***** Given information

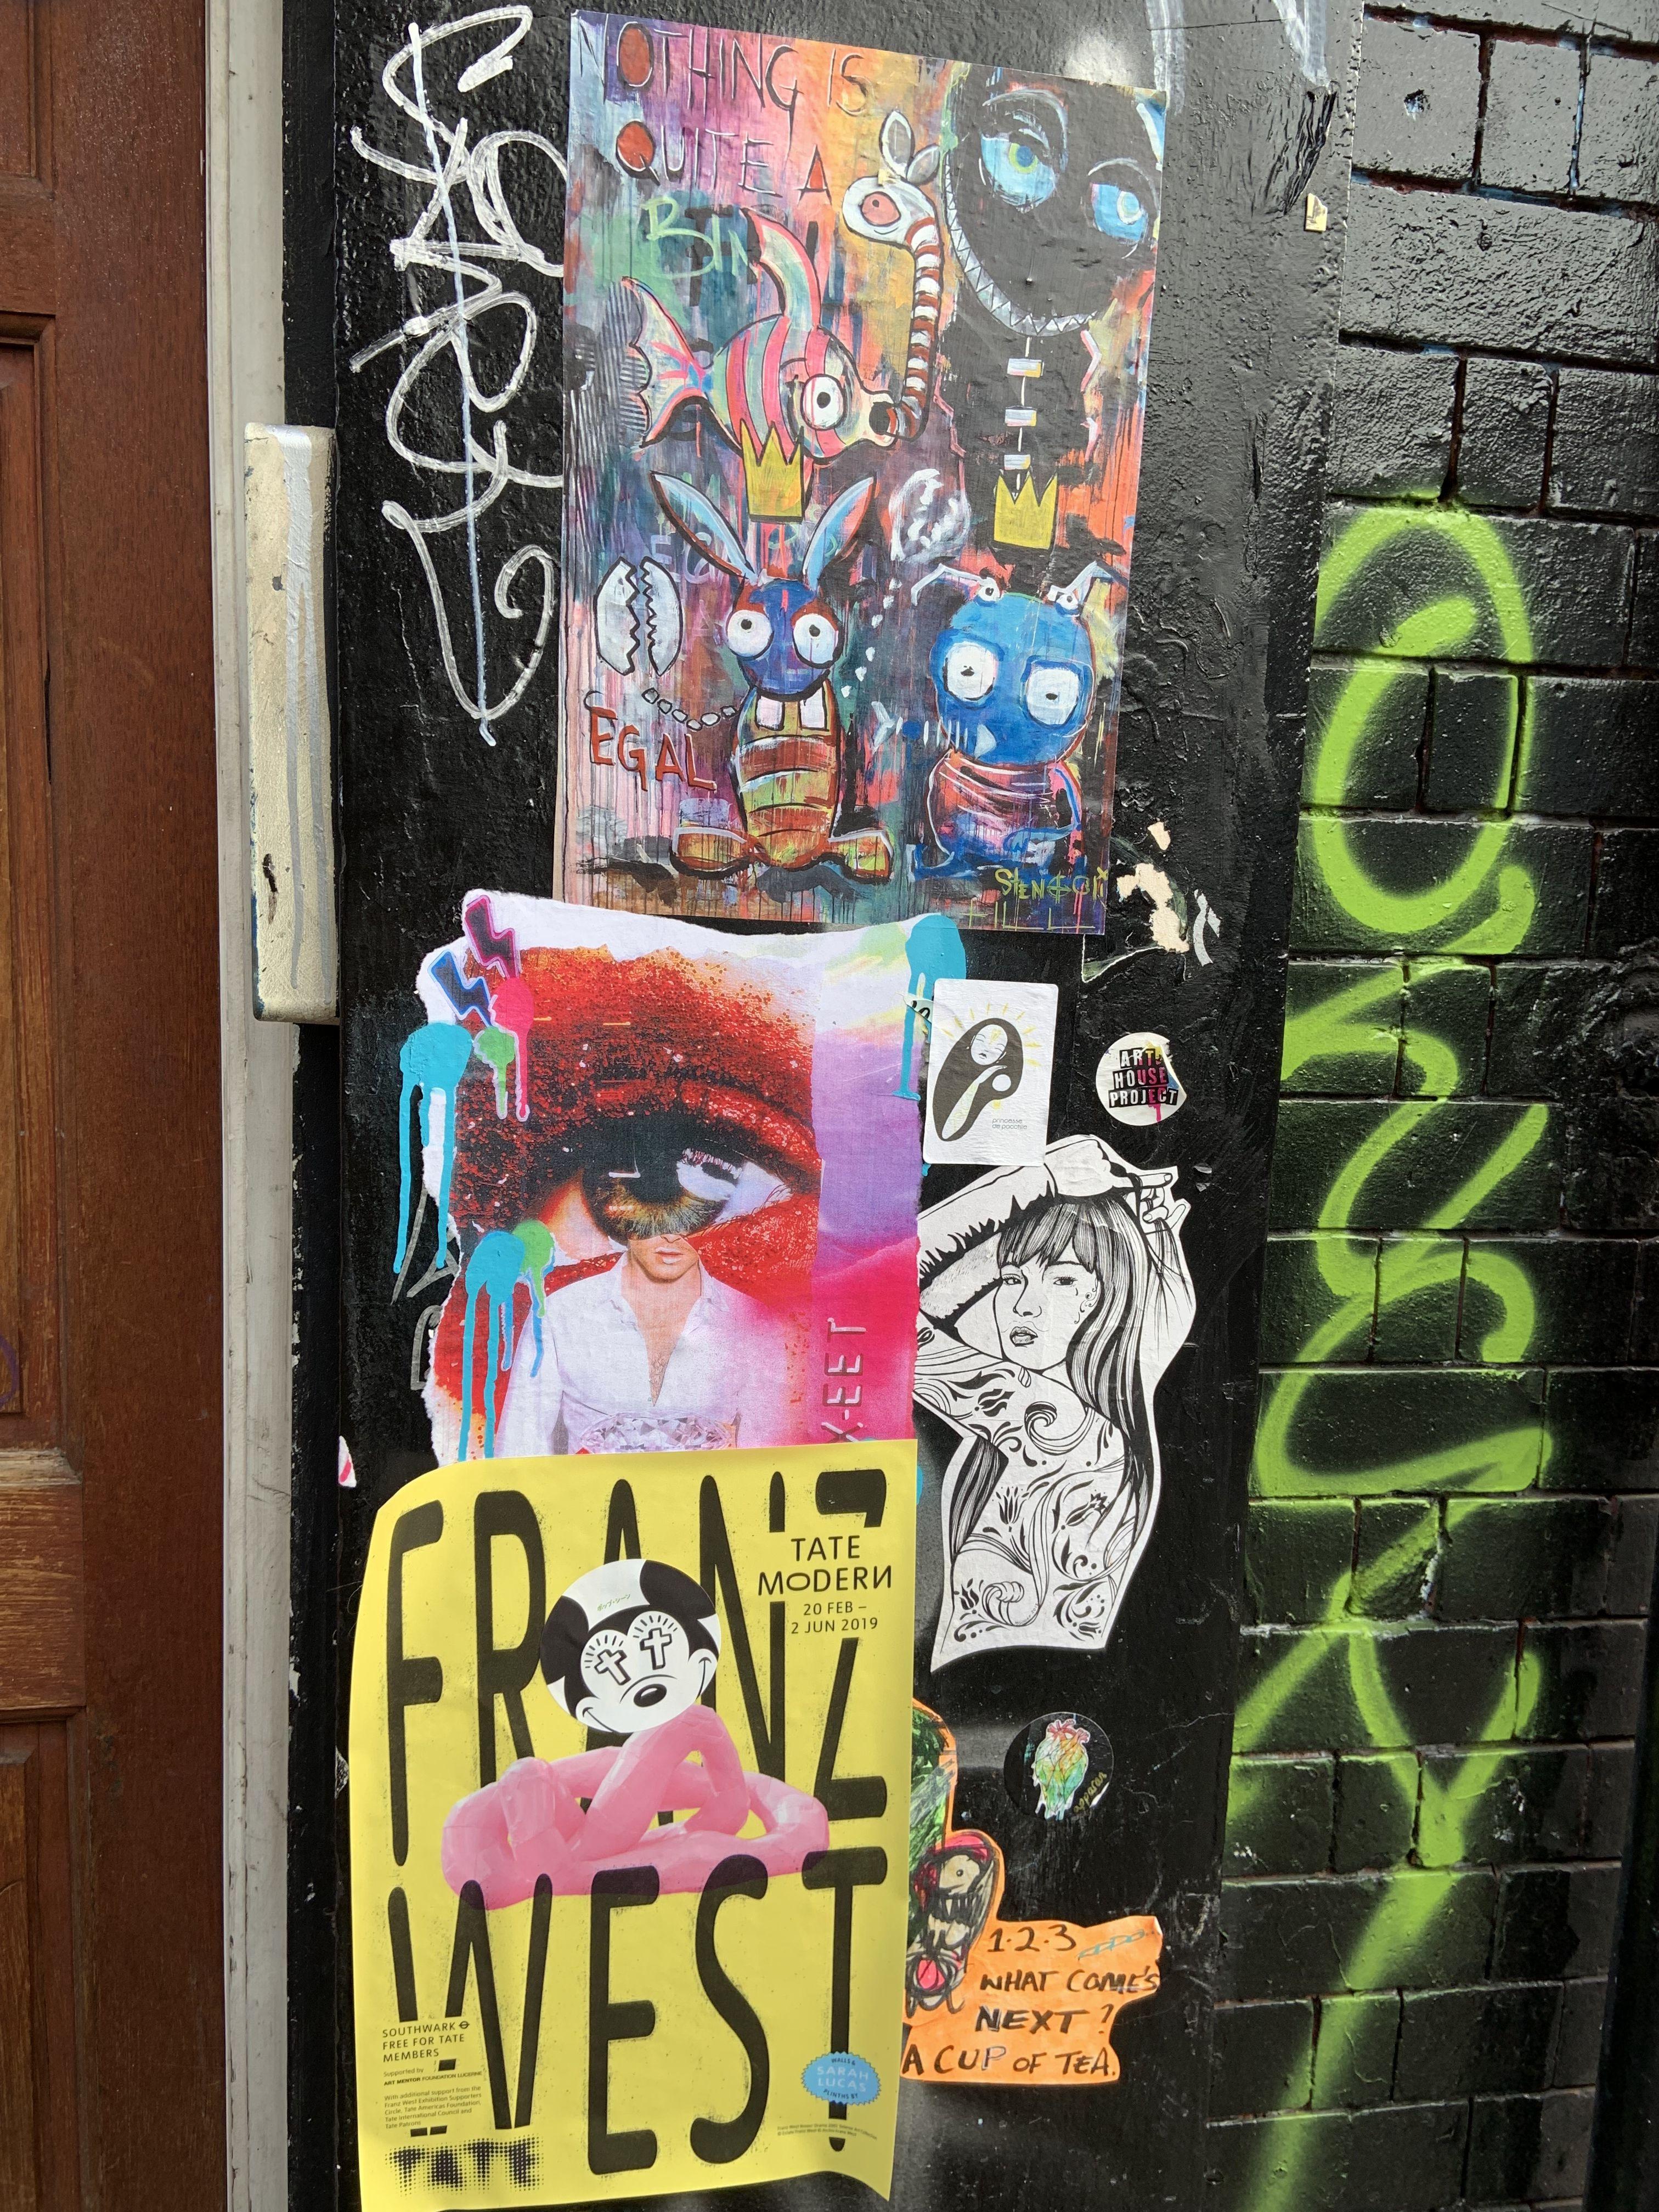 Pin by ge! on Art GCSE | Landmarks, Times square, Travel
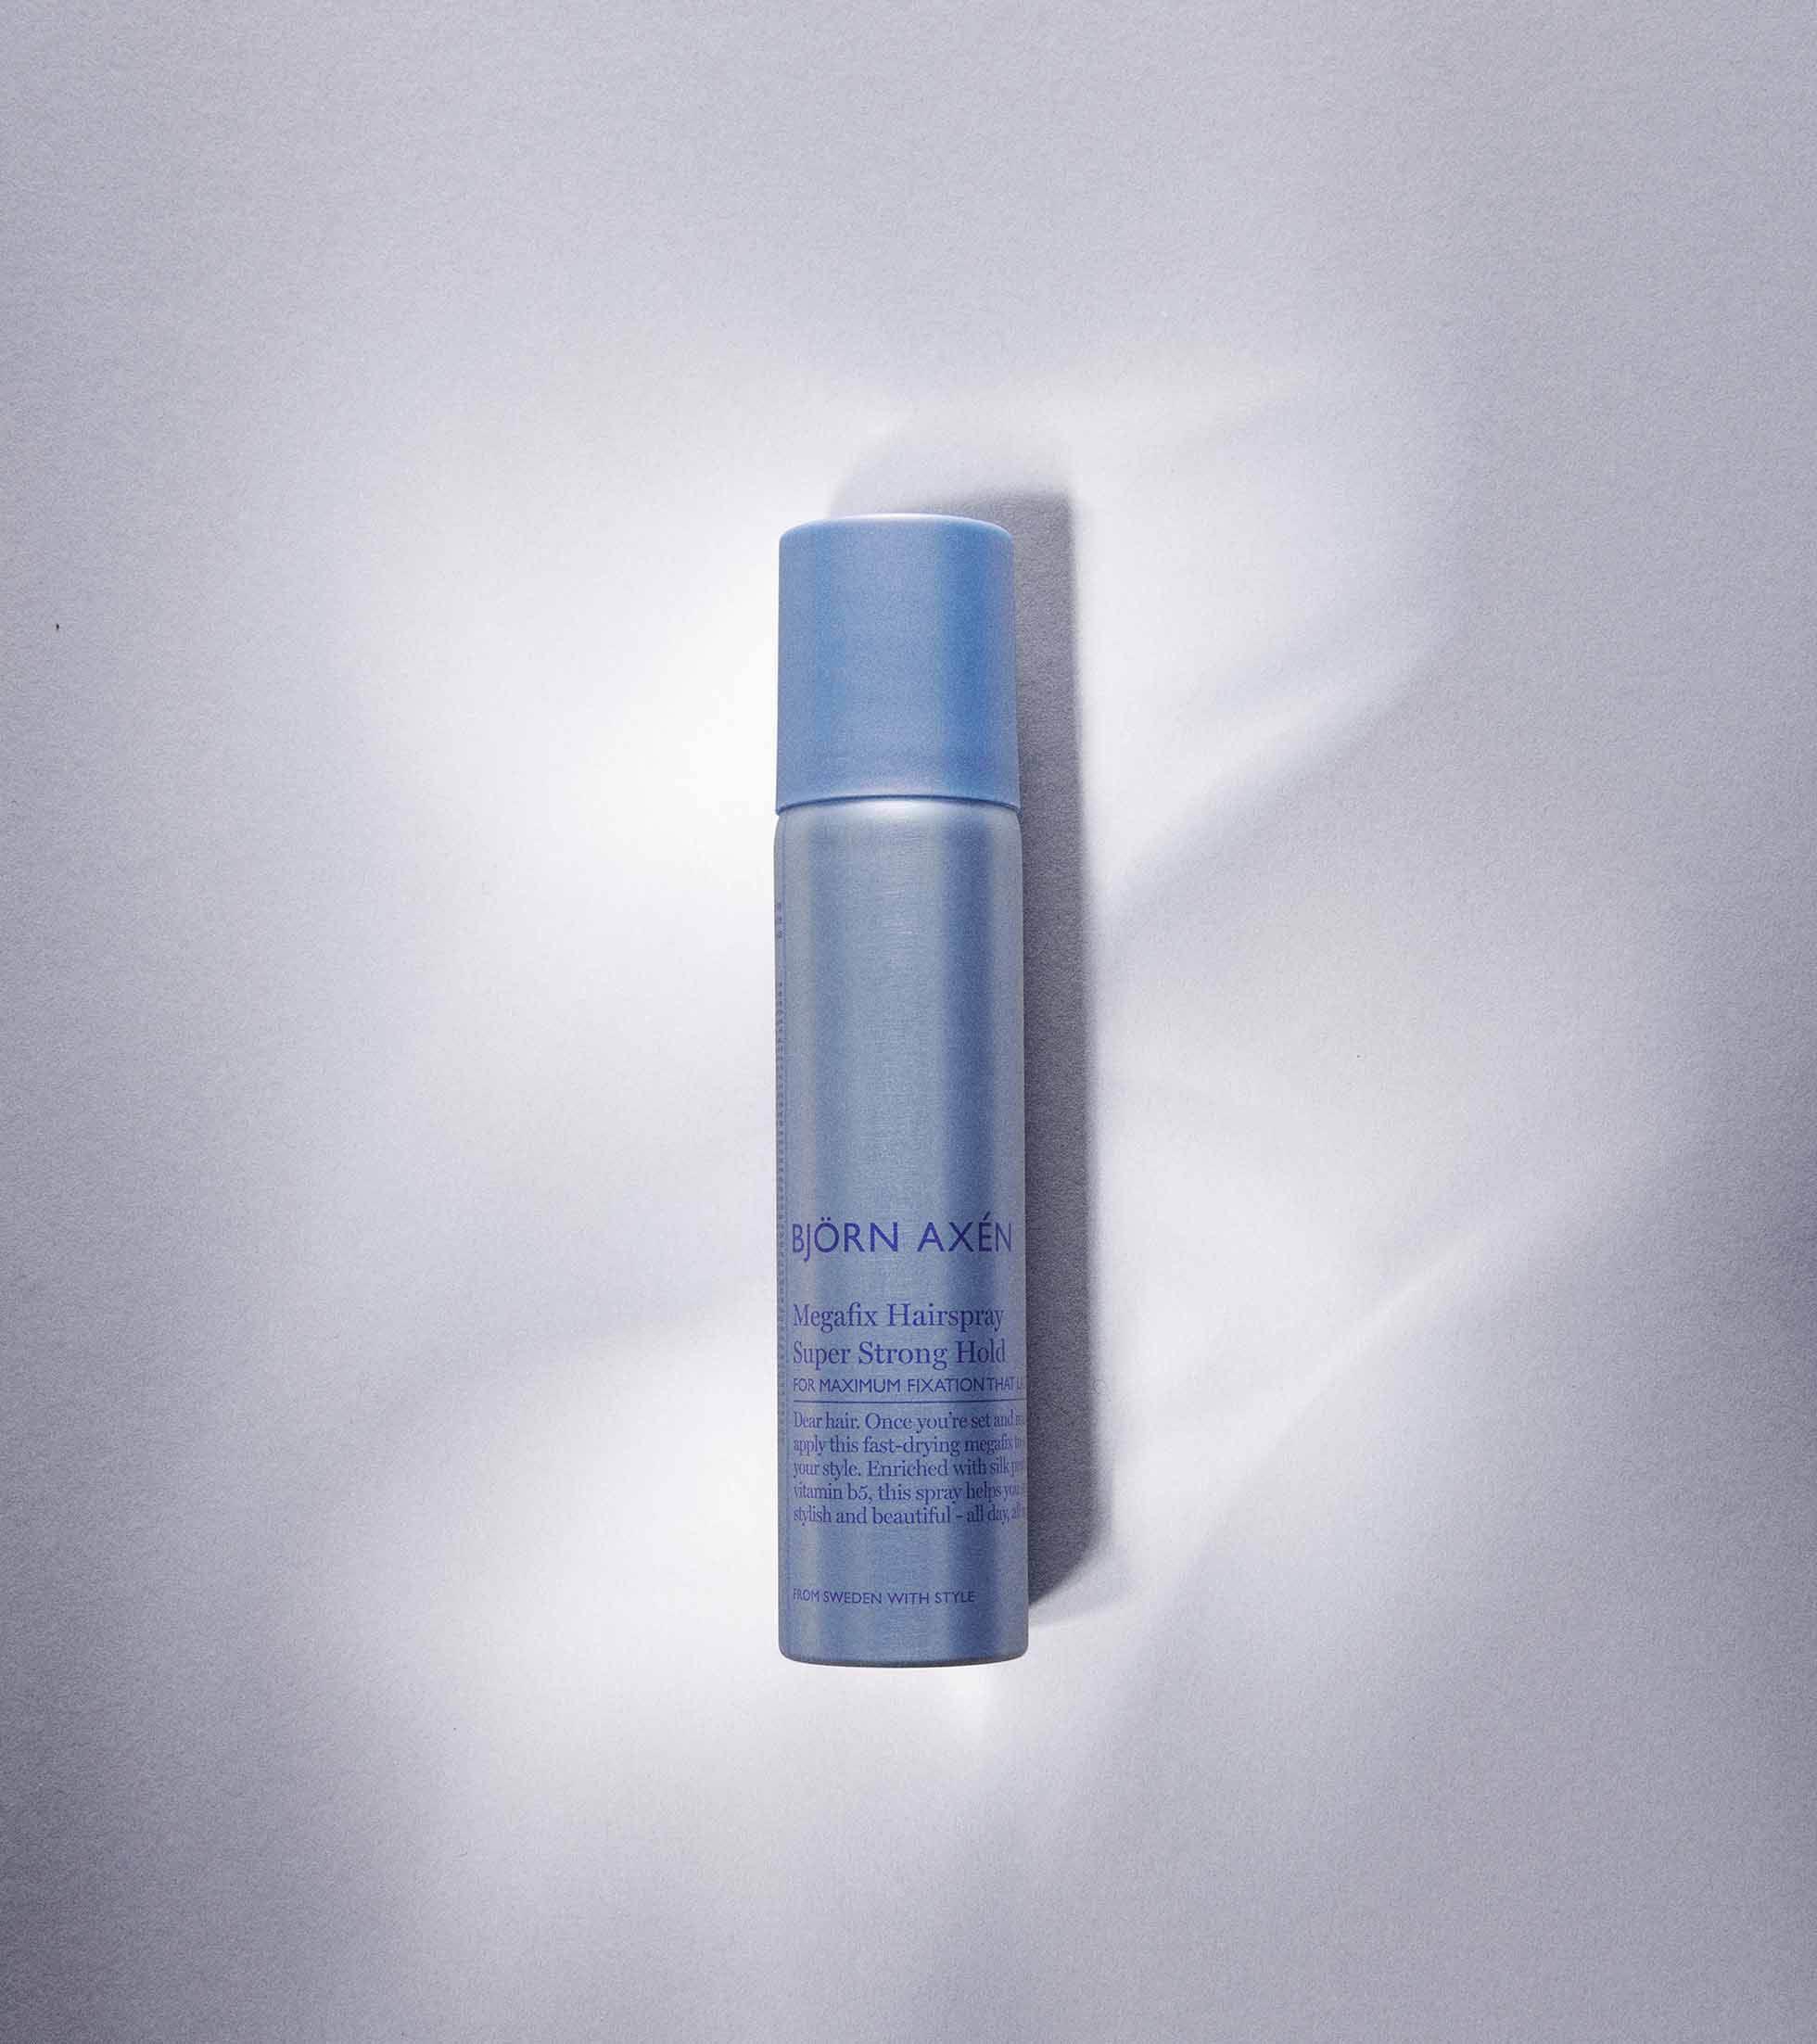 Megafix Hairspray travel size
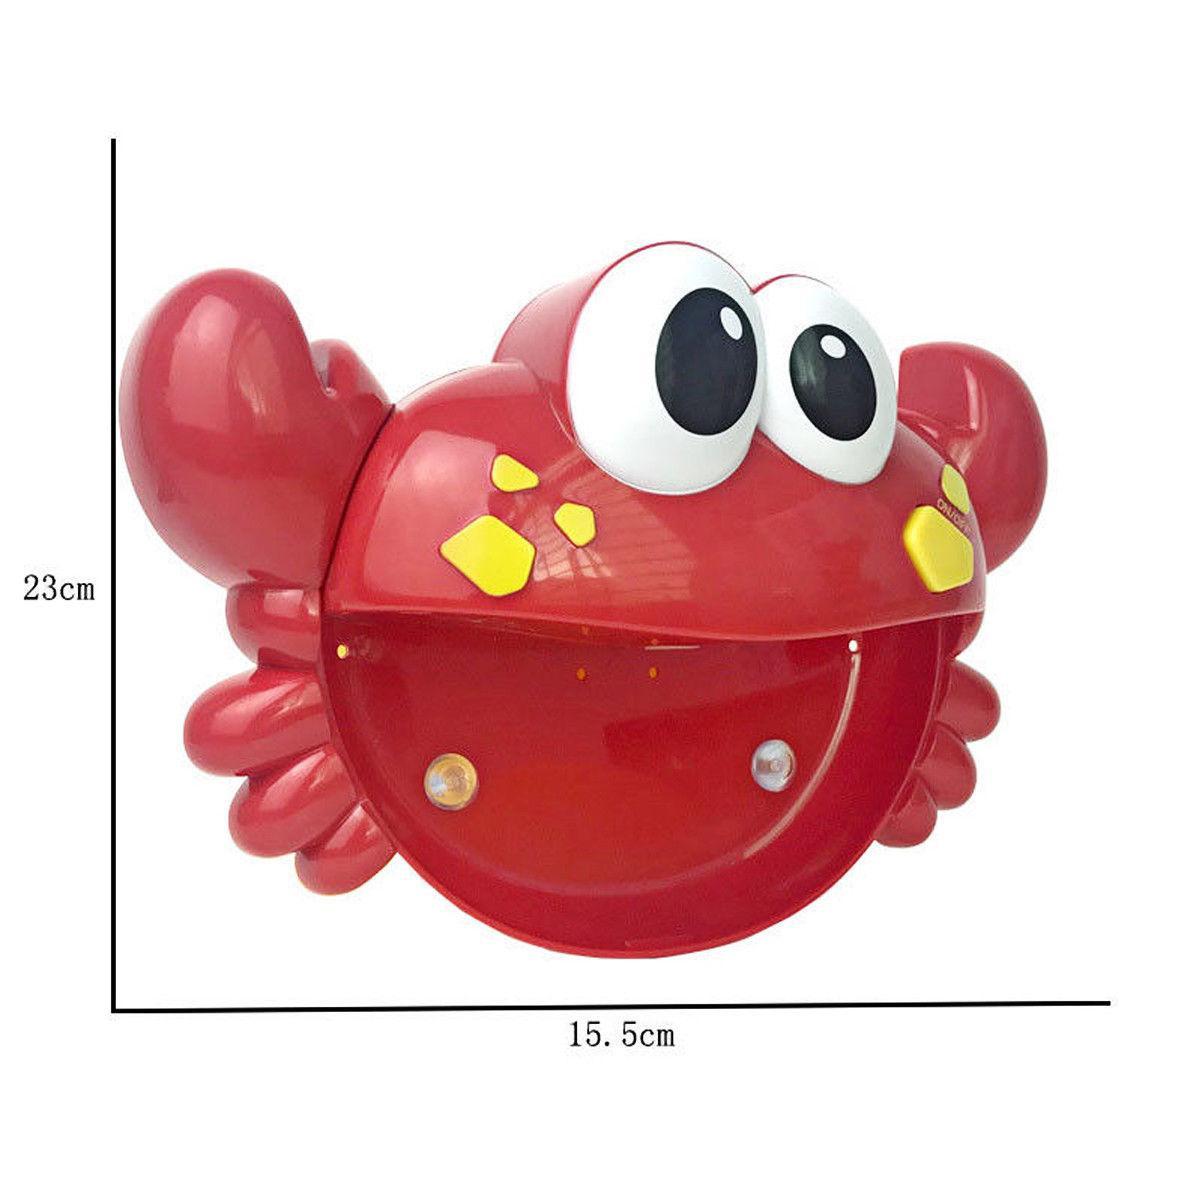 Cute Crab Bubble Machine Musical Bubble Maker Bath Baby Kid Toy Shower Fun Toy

**********

→ About this exercise
Transcribe all the lines above exactly, apart from the pictures.

→ Answer area
 Pin by ge! on Art GCSE | Landmarks, Times square, Travel
 Megafix Hairspray travel size
 Cute Crab Bubble Machine Musical Bubble Maker Bath Baby Kid Toy Shower Fun Toy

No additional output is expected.